4. image_predictions_df is part of the same observational unit as twitter_archive_df and therefore should be merged. Select the most probable dog breed from image_predictions_df for the merging as all the predictions probabilities is not required for the analysis.

#### Remaining Data Quality Steps:
5. On twitter_archive_df, check and correct 'rating_numerator' and 'rating_denominator' for accuracy (accuracy issue).
6. On twitter_archive_df, remove names that likely are to be mistakes, including 'a', 'an' and 'the' (accuracy issue).
7. On twitter_archive_df, appropriatly rename the 'expanded_urls', 'source' and 'name' columns to be clear (consistency issue).

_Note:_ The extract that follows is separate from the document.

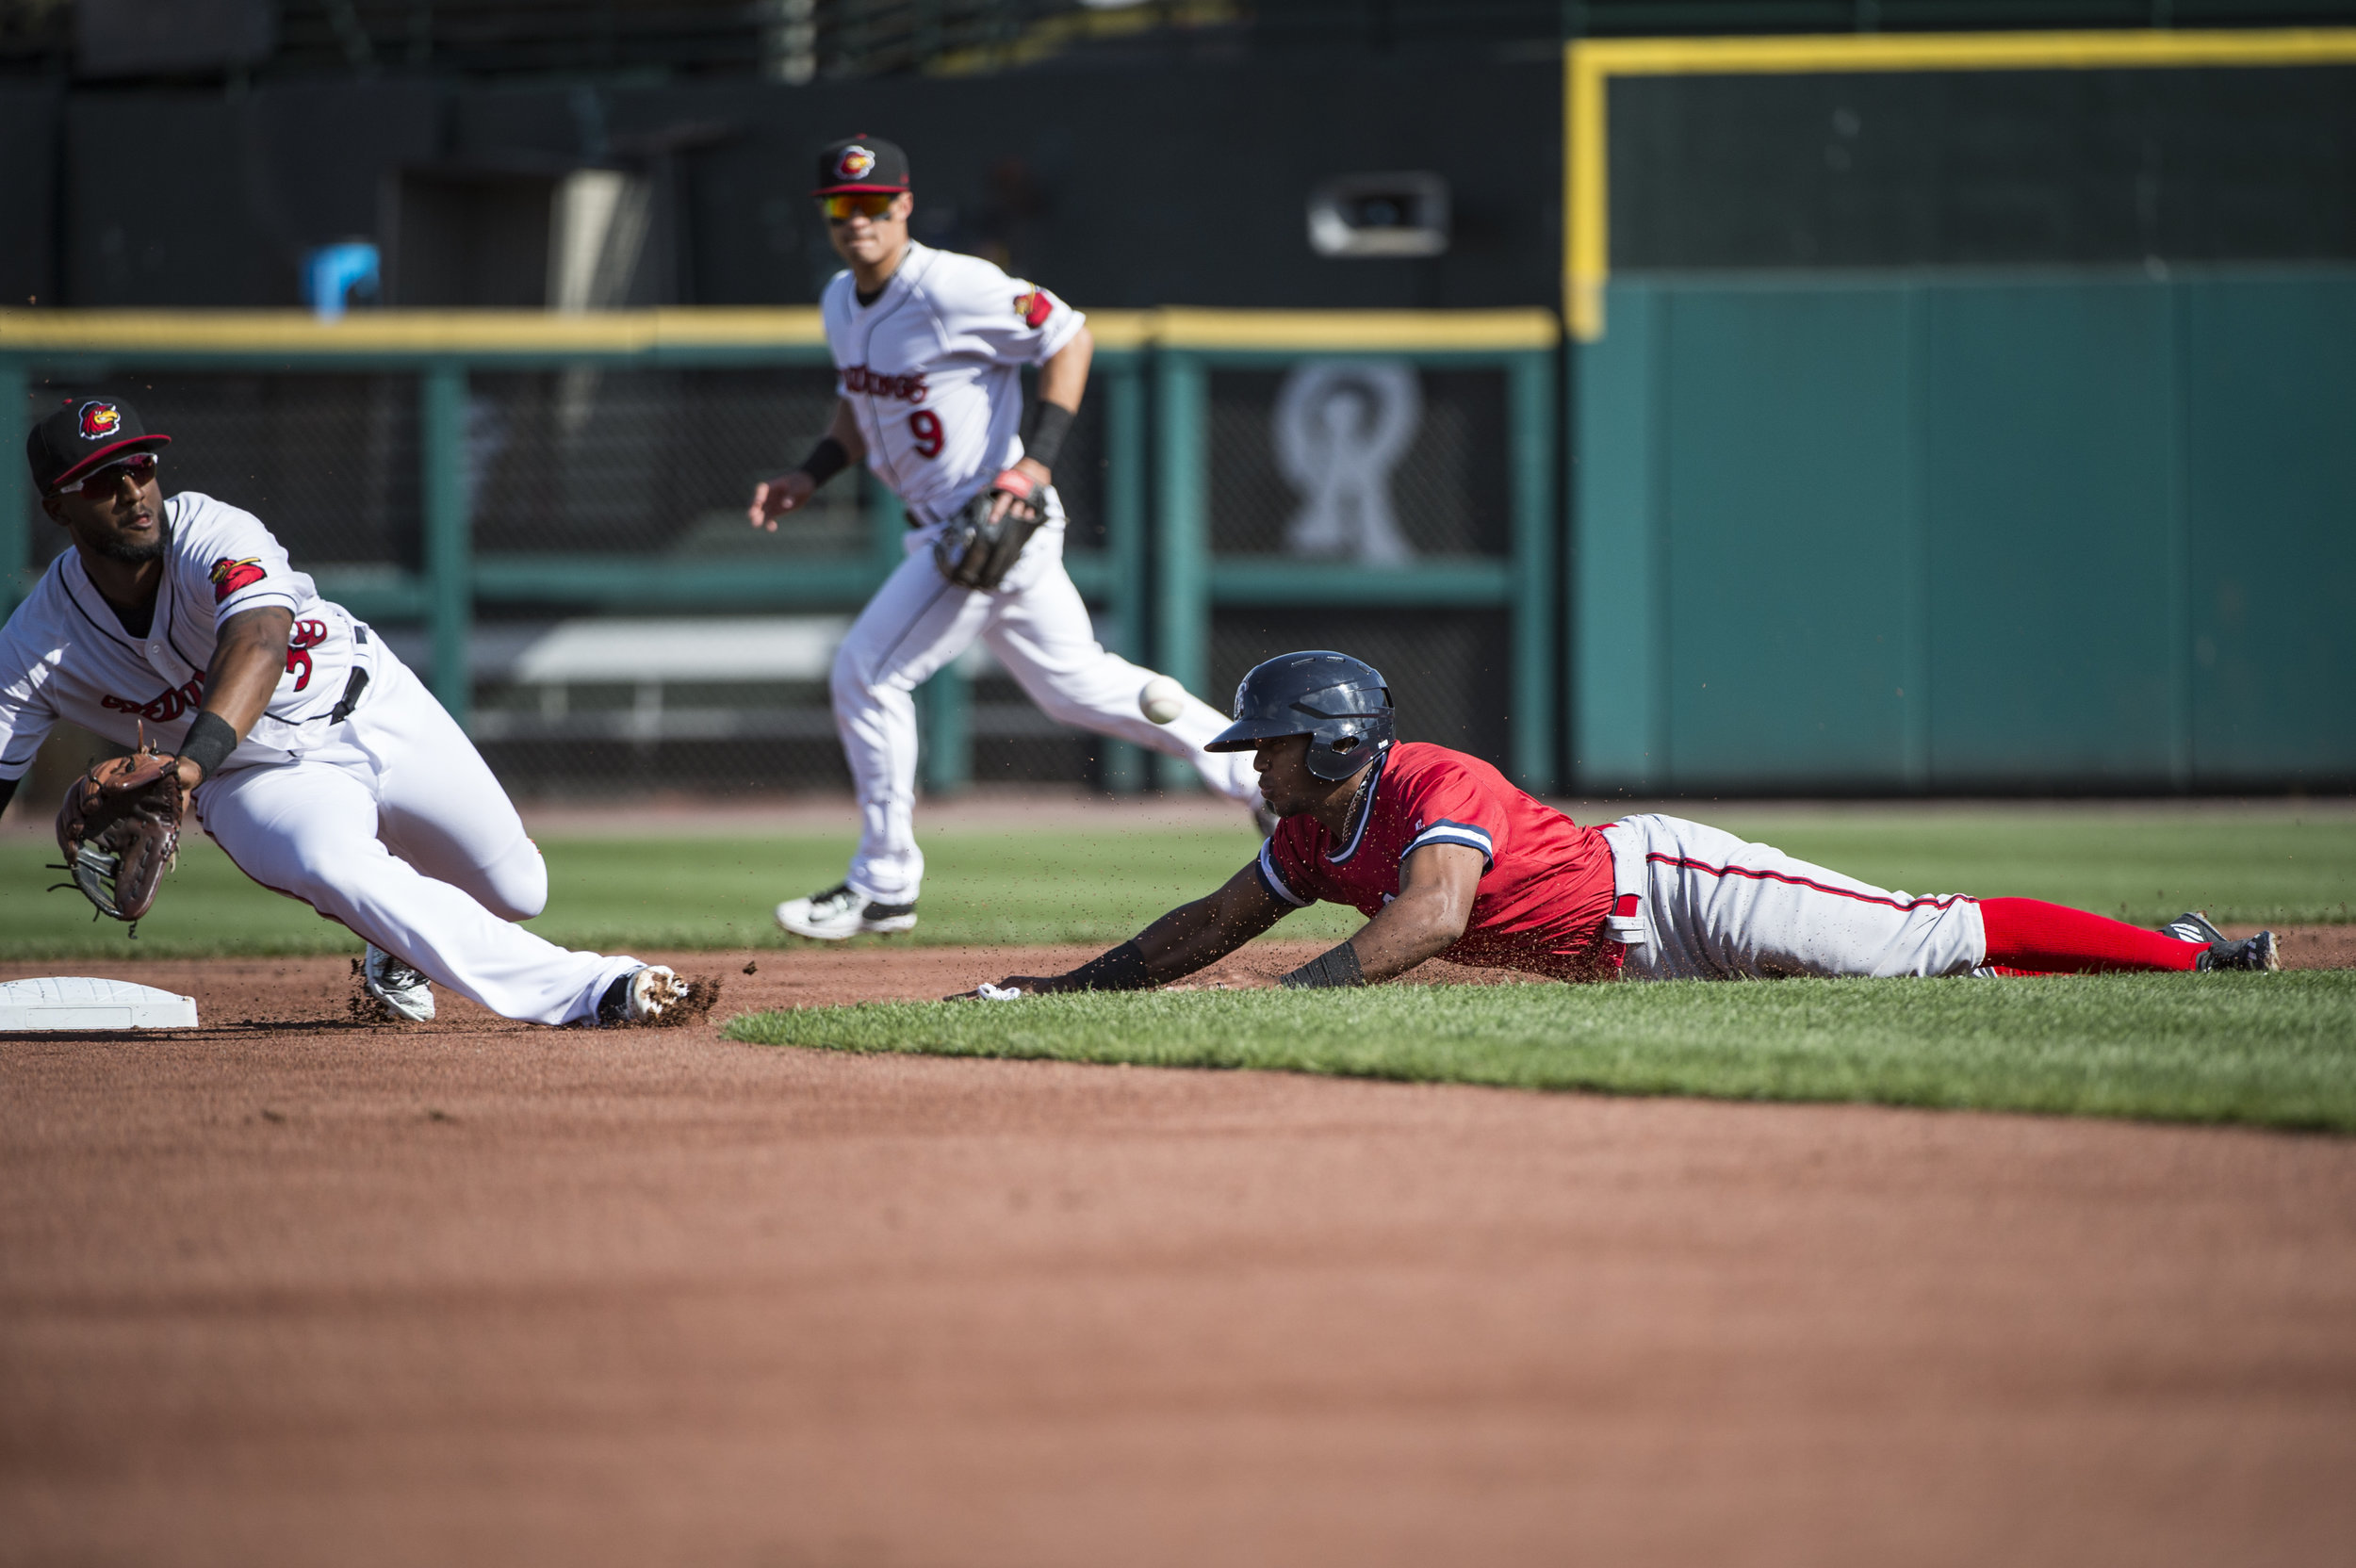  Rafael Bautista steals a base during a Chiefs game against the Rochester Red Wings at Rochester on April 16th, 2017. Bautista is known for his speed. Before getting called up to the Nationals, he led the Chiefs with 3 stolen bases. Last year in Doub

8. On twitter_archive_df, appropriatly rename the newly added columns from image_predictions_df (consistency issue).
9. On twitter_archive_df, change the 'timstamp' data to use the datetime datatype (validity issue).
10. On twitter_archive_df, remove the unnecesary HTML from the 'source' column (consistency issue).
11. On twitter_archive_df, change the 'source' data to use the category data type (validity issue).
12. On twitter_archive_df, change the 'selected_image_numer' data to use the category data type (validity issue).

### Storing Data
The final cleaned dataframe was stored as a CSV file to be loaded and used later.